Points-Based System to Reduce or Offset Emissions
The so-called warehouse rule scheduled for a vote by the South Coast Air Quality Management District board would institute a points-based system requiring some 3,000 distribution centers to choose from a menu of options to reduce or offset emissions. It could include choices like replacing diesel trucks and other equipment with electric models, putting in rooftop solar panels or installing air filters at nearby schools or day cares.
“Warehouse operators could prepare and implement a custom plan specific to their site, or they could pay a mitigation fee,” according to the proposal before the board. The fees would go toward funding similar air quality improvements in surrounding neighborhoods.
Environmental and community groups have for years pushed tighter regulations to help neighborhoods inundated with smog-forming nitrogen oxides from trucks driving to and from sprawling warehouse complexes owned by Amazon and other distributors across the inland region east of Los Angeles.
“These communities are often disadvantaged and people of color. So it’s part of our ongoing commitment to address the environmental justice inequity, as well as addressing the overall regional air quality pollution,” Wayne Nastri, the South Coast district’s executive officer, said Thursday.
Health Benefits Decrease Asthma and Heart Attacks
More than 2.4 million people live within half a mile of at least one large warehouse and those areas have higier rates of asthma and heart attacks, and are disproportionately Black and Latino, district officials said.
The agency’s 13-member board was expected to vote on the rule following an online public hearing.
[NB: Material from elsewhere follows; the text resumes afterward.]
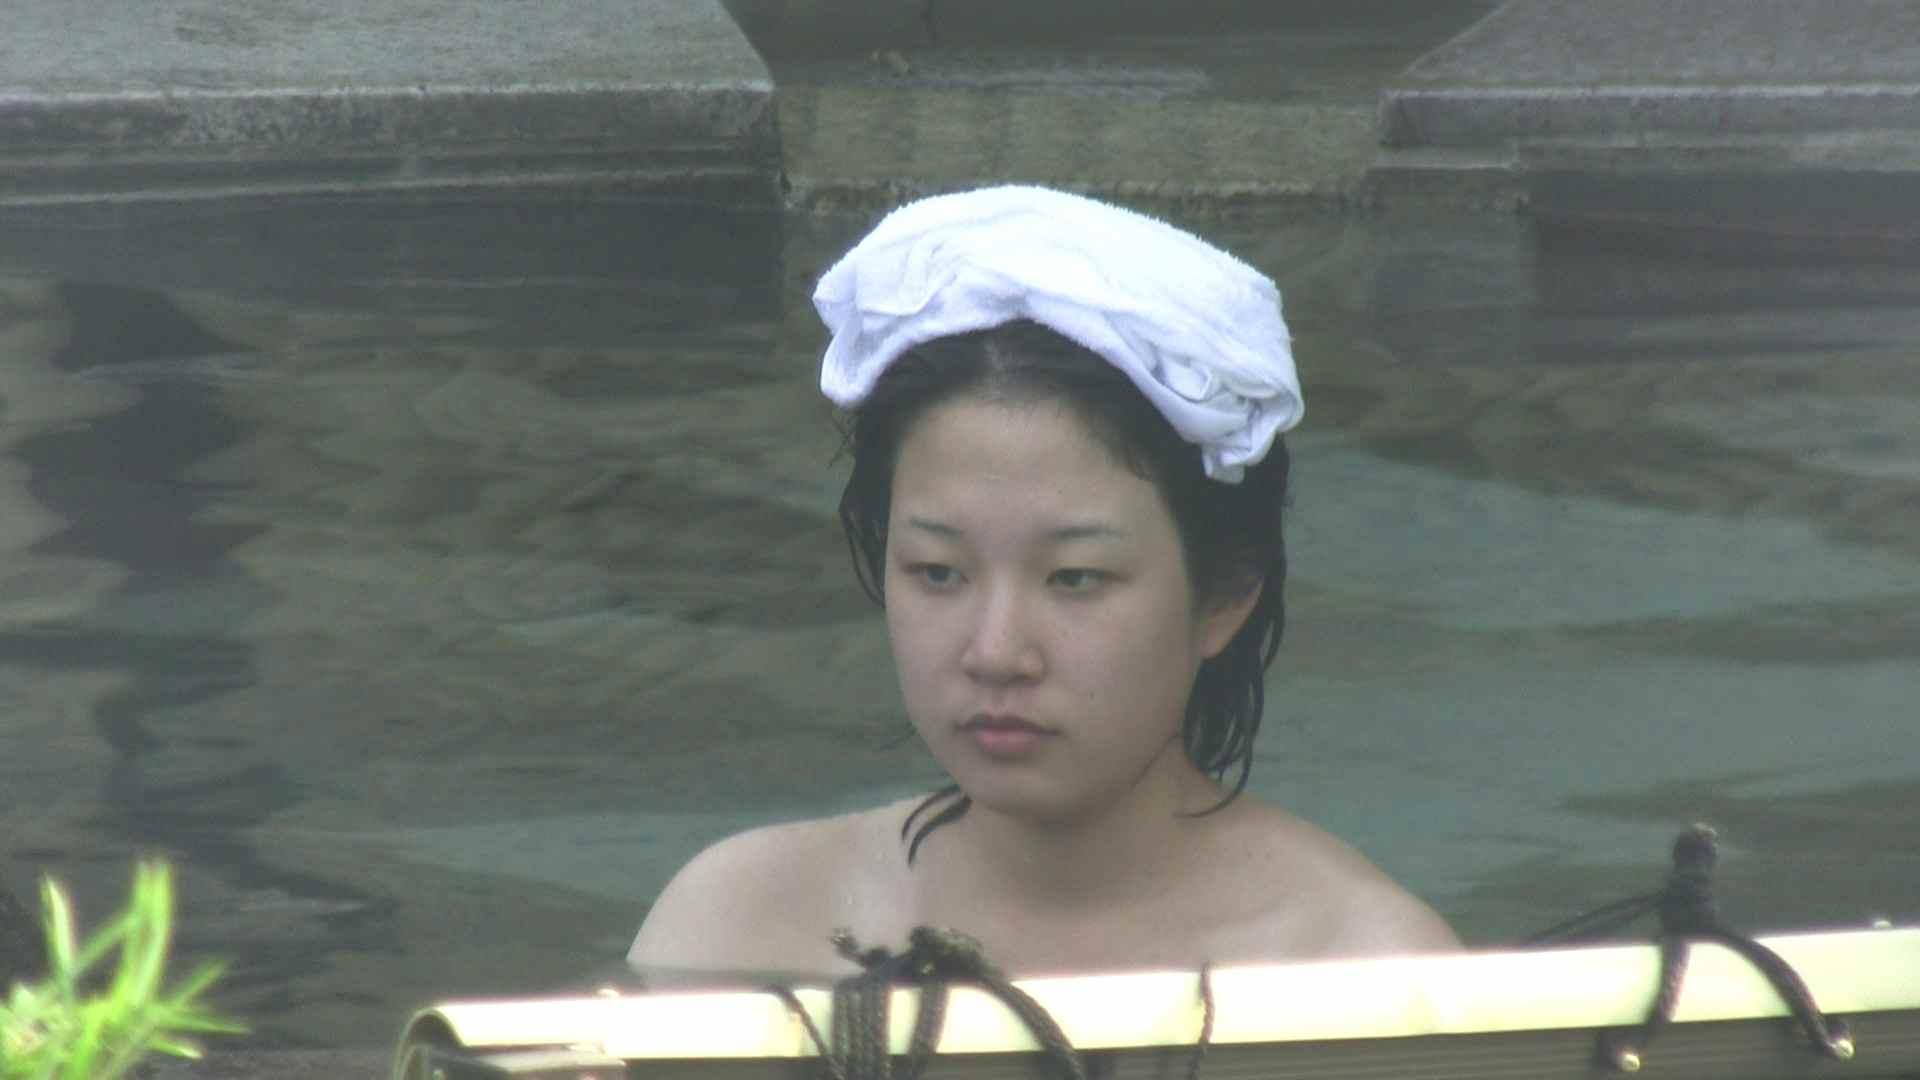 Aquaな露天風呂Vol.172 盗撮   HなOL  55pic 25

Presentation of the proposal began after board members honored clean-air trailblazer William A. Burke, who is retiring after 23 years as chairman.
“Today is historical. It couldn’t be a better day to go home,” Burke said.
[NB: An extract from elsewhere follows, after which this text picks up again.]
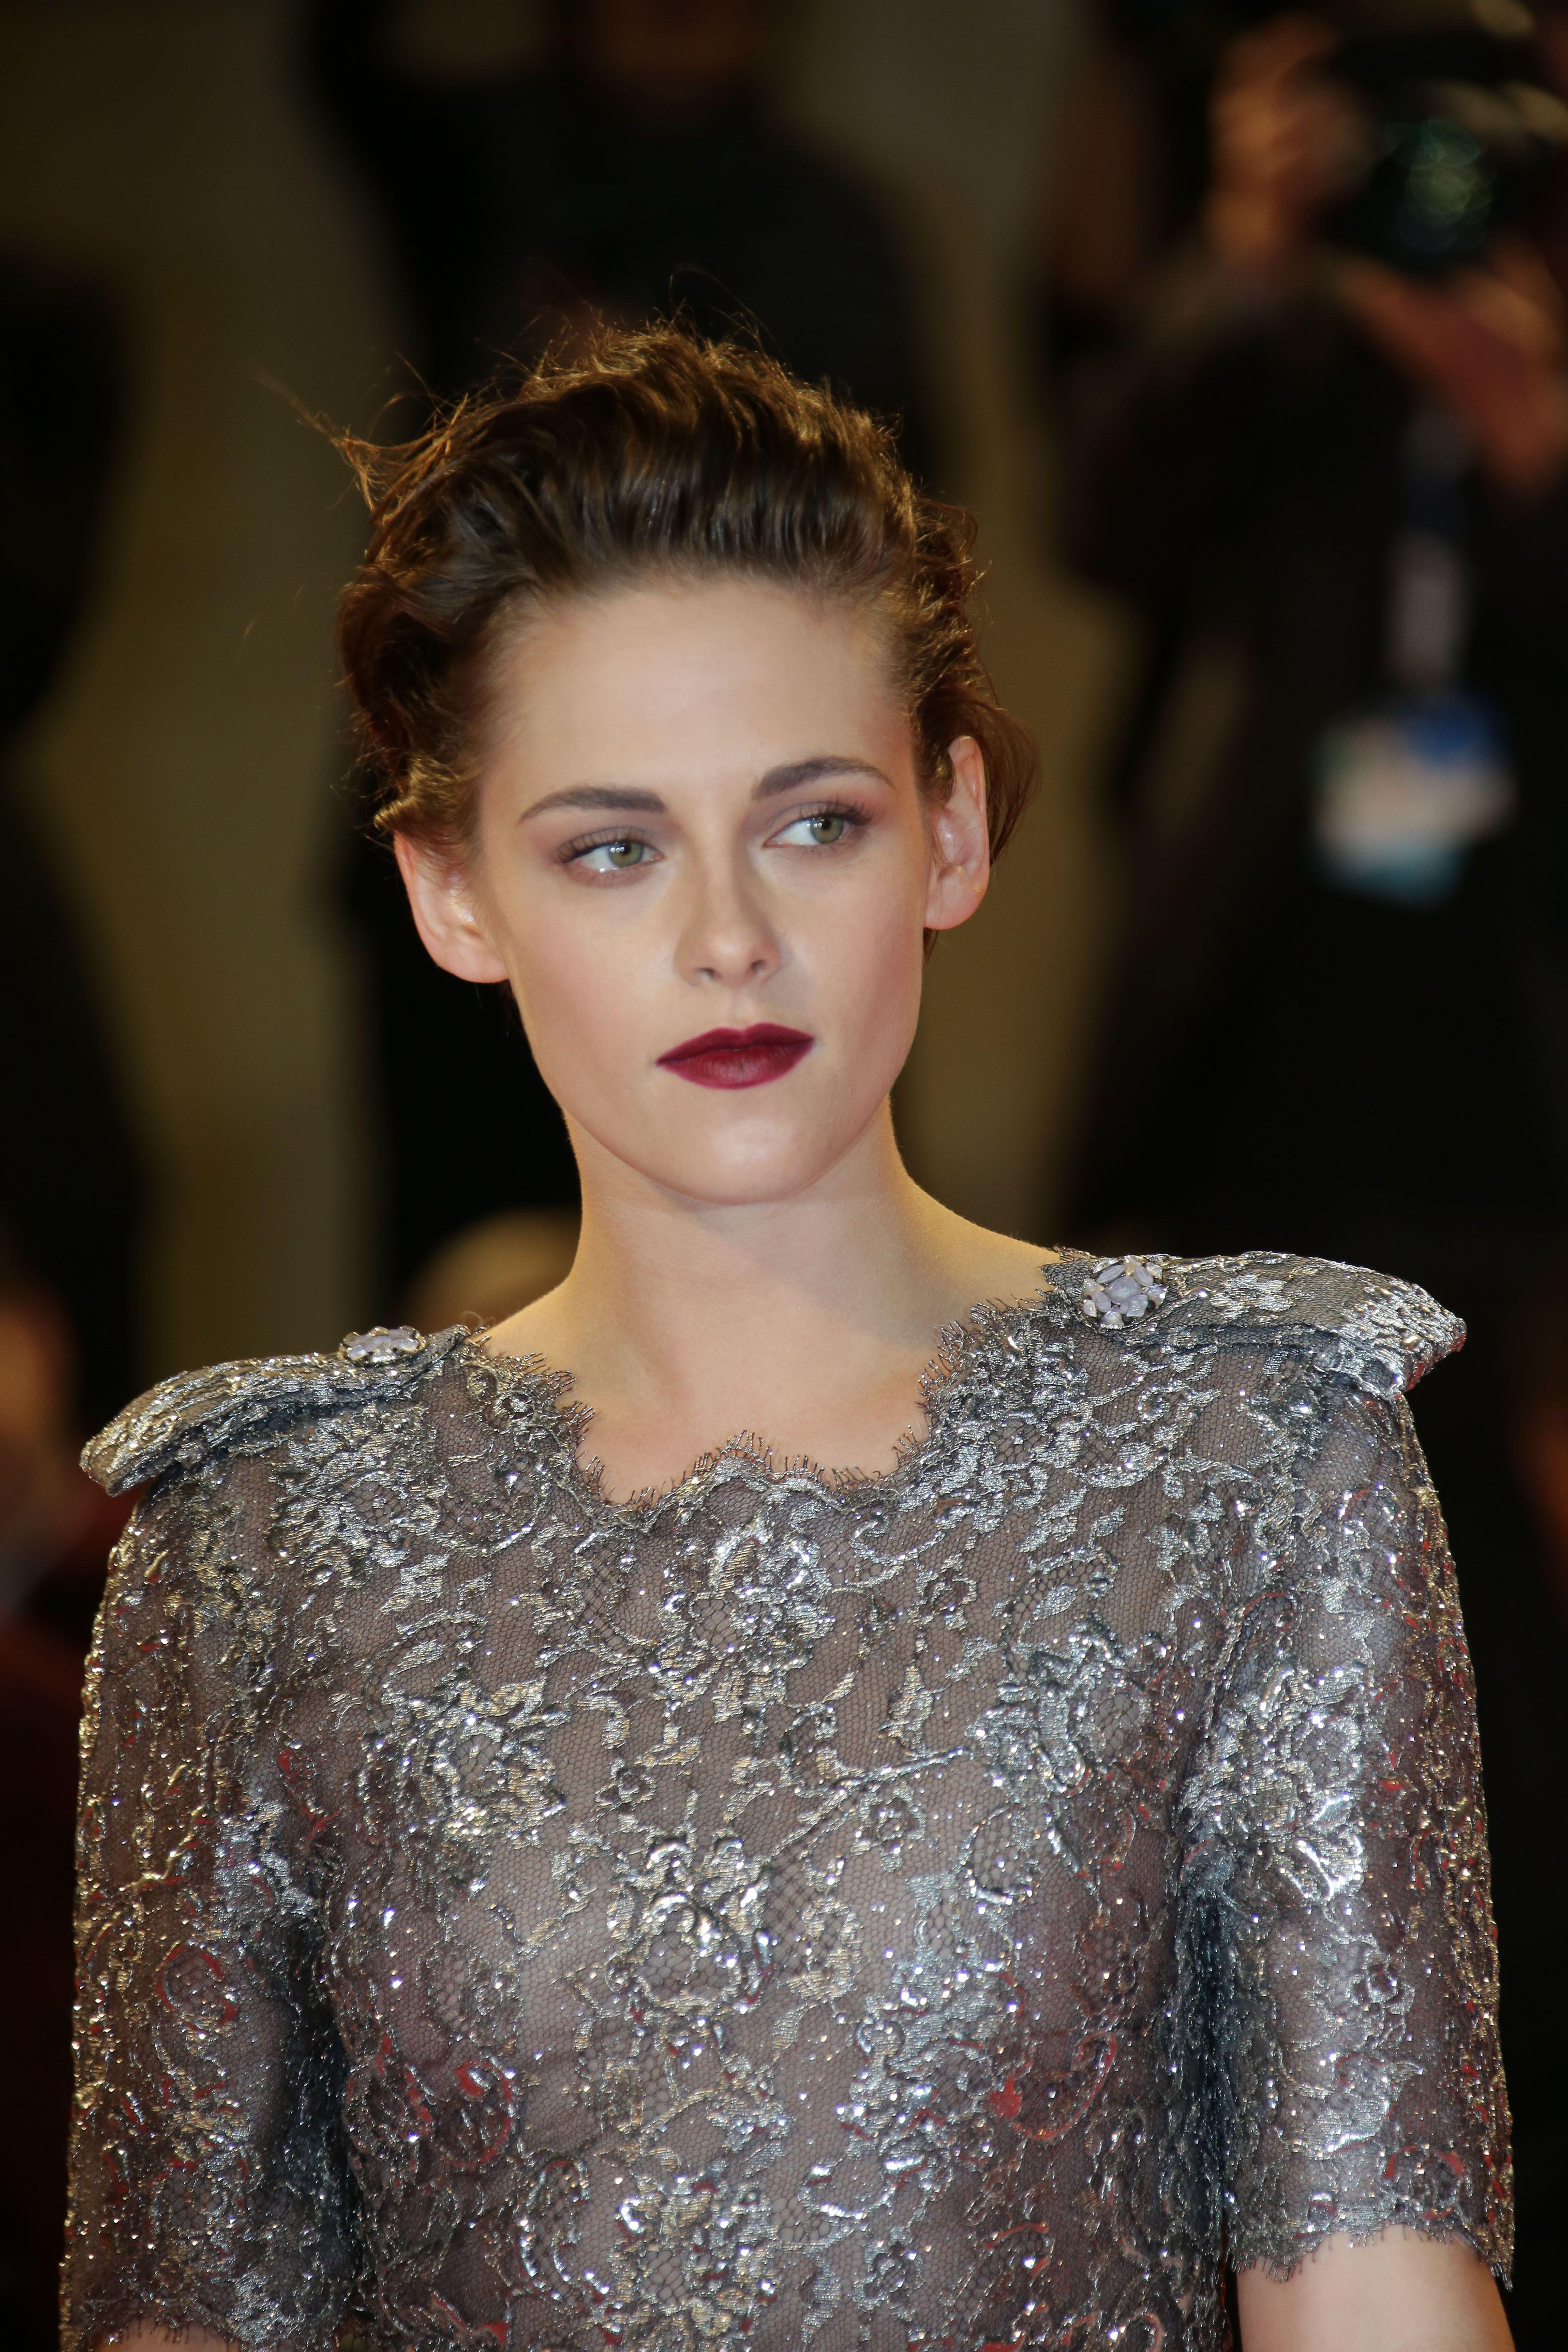 Kristen Stewart @ Eclipse LA Premiere - Actresses Photo

The district said in a socioeconomic impact assessment report earlier this year that the regulations would provide public health benefits worth $2.7 billion from 2022 to 2031 — including 5,800 fewer asthma attacks and 300 fewer deaths.
“The health benefits will be immense,” said Adrian Martinez, an attorney for the environmental group Earthjustice. “The way we move goods in this country has got to be electric, for the sake of clean air and a breathable future.”
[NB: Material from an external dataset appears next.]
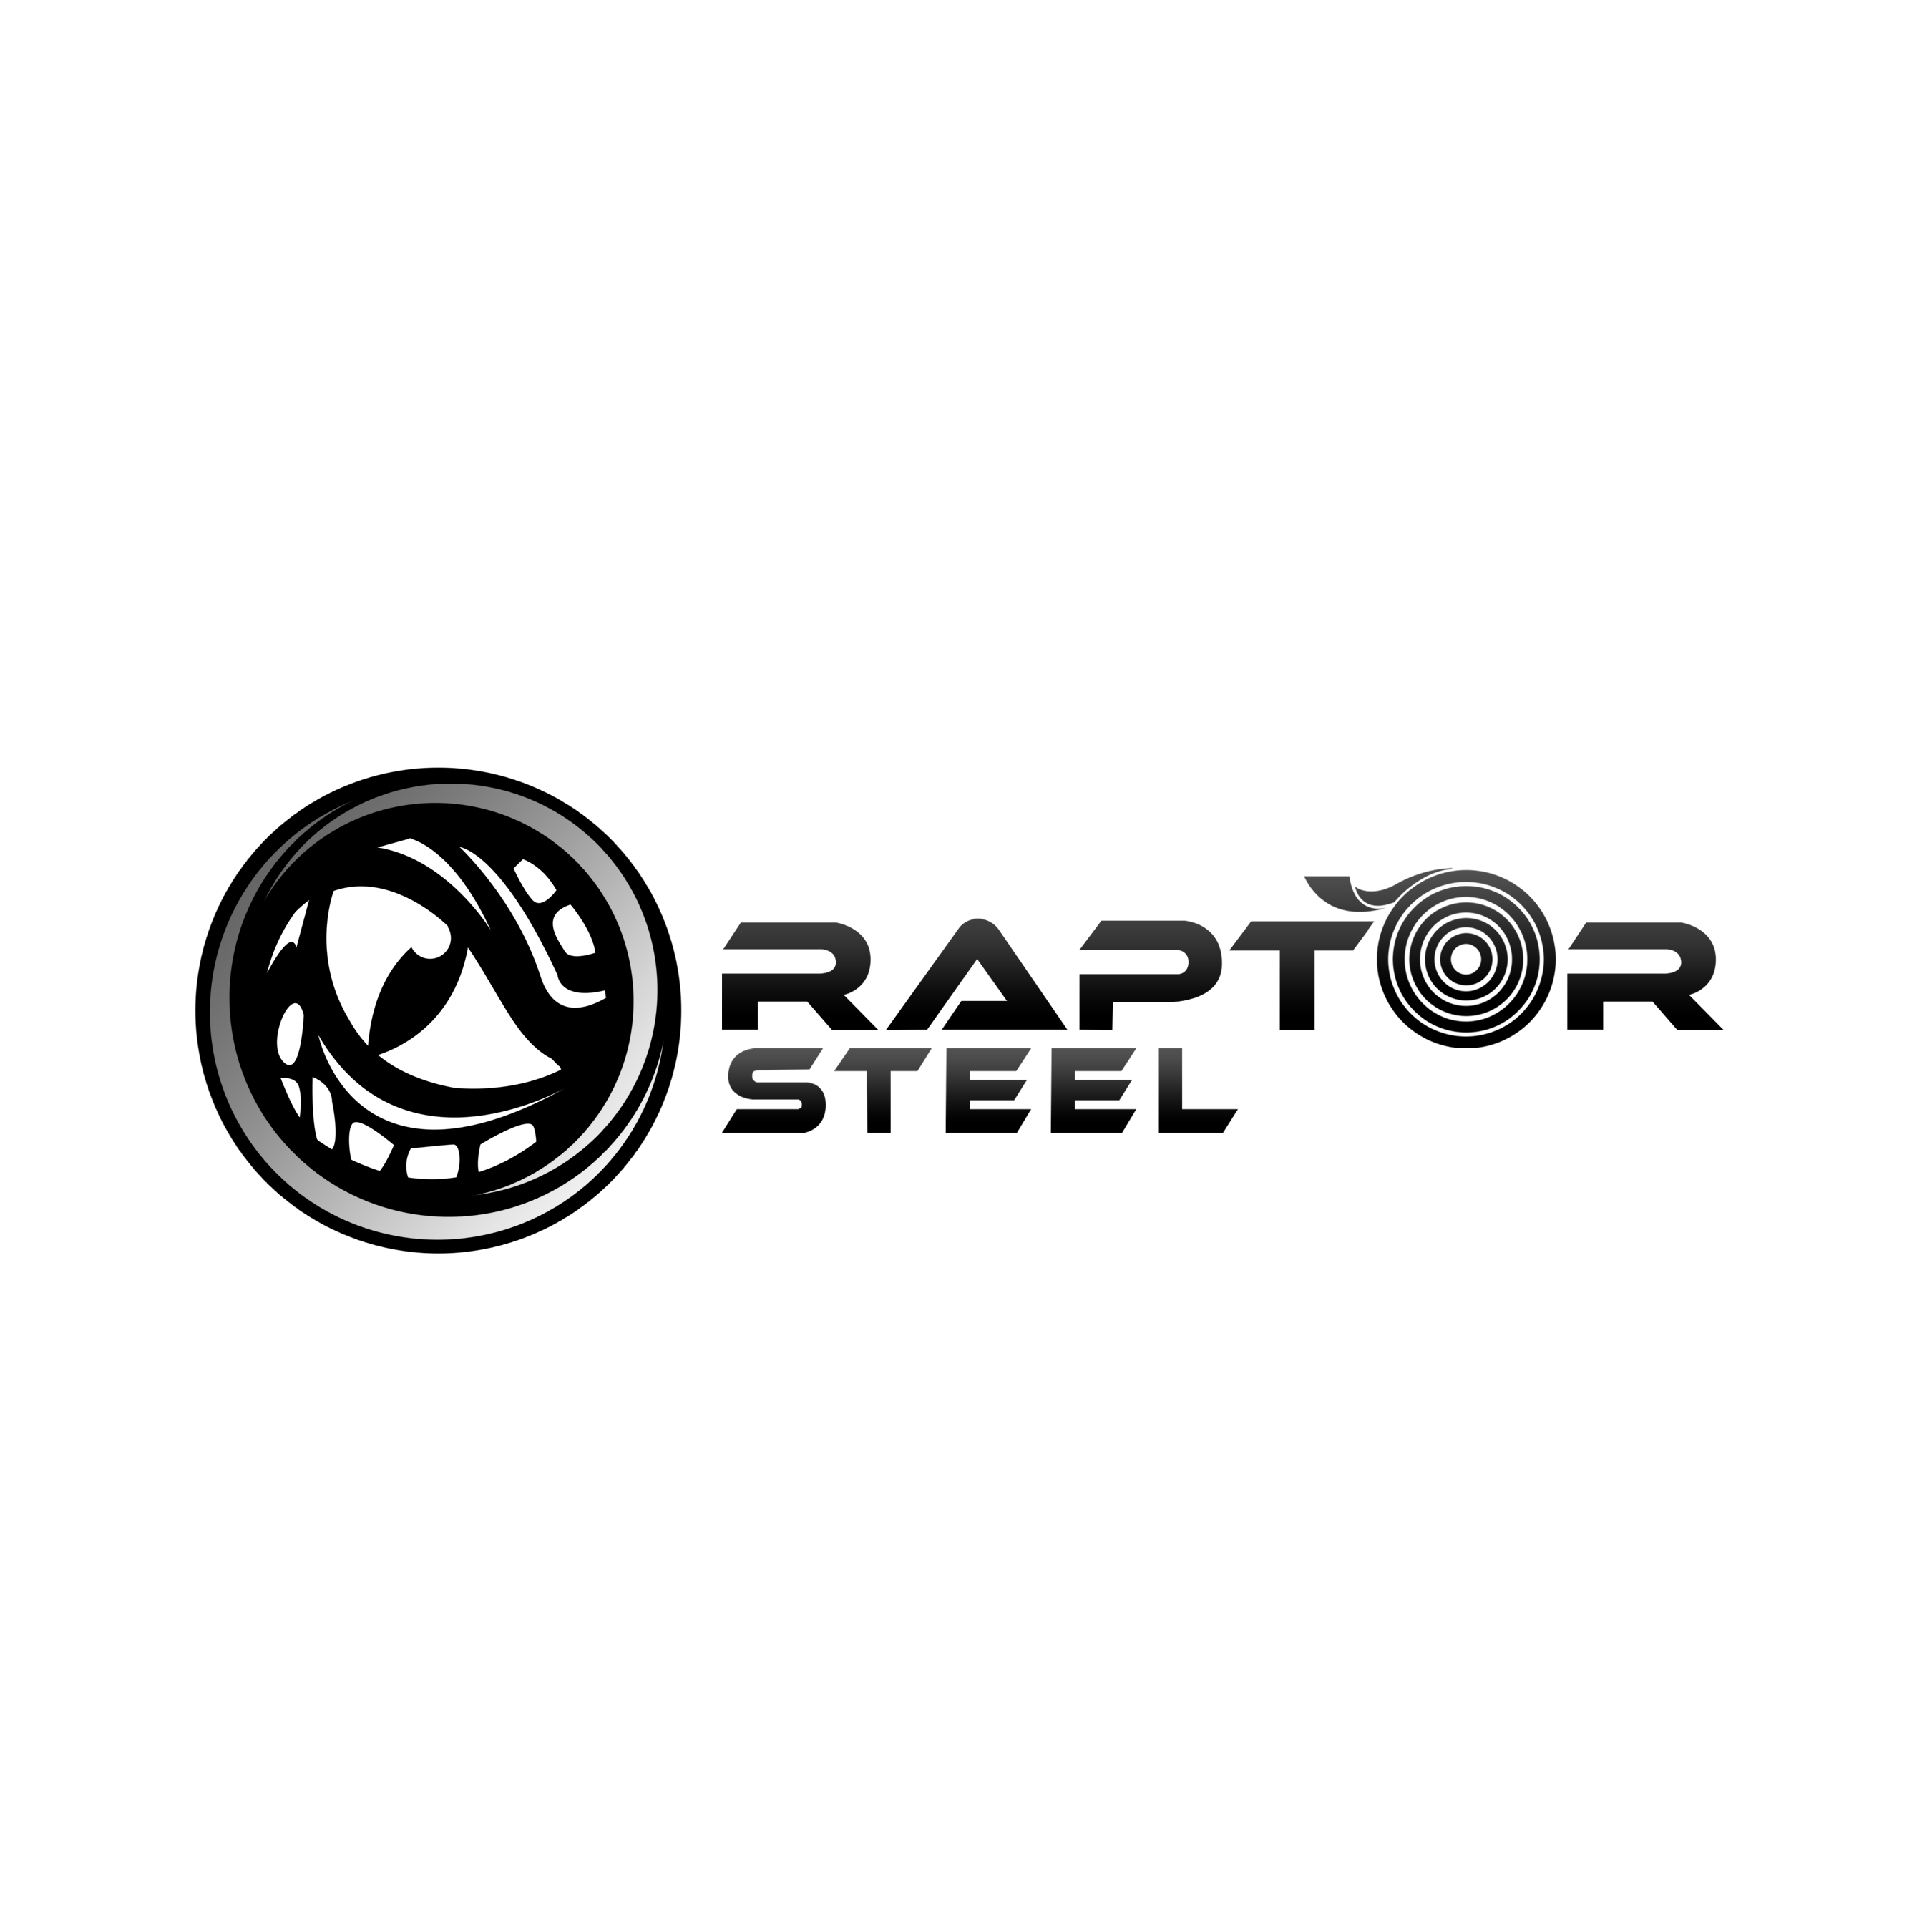 Raptor Steel needs a powerful new logo

Goods-Distribution Industry Rejects Proposal
The goods-distribution industry is urging air quality regulators to reject the proposal, saying the rule amounts to a tax and is beyond the legal authority of the South Coast district.
B.J. Patterson, chief executive of Pacific Mountain Logistics, which employs more than 65 people at a 200,000-square-foot (18,580-square meter) warehouse in San Bernardino, said the rule would unfairly penalize his operation for pollution that is out of his control. Patterson told the Los Angeles Times he wants the air board to send the proposal “back to the drawing board.”
Patterson said he did not know which of the compliance options his company would select. Most of the forklifts used inside are already electric, he said, and he does not control which trucks come in and out.
Opting to pay the mitigation fees would cost his business close to $200,000 a year, he estimated.
Patterson said his clients, which include large retailers and food companies, “have made it very clear that they don’t think this is their issue and they don’t want to pay.”
South Coast district officials said they are acting in order to meet federal smog-reduction deadlines in 2023 and 2031.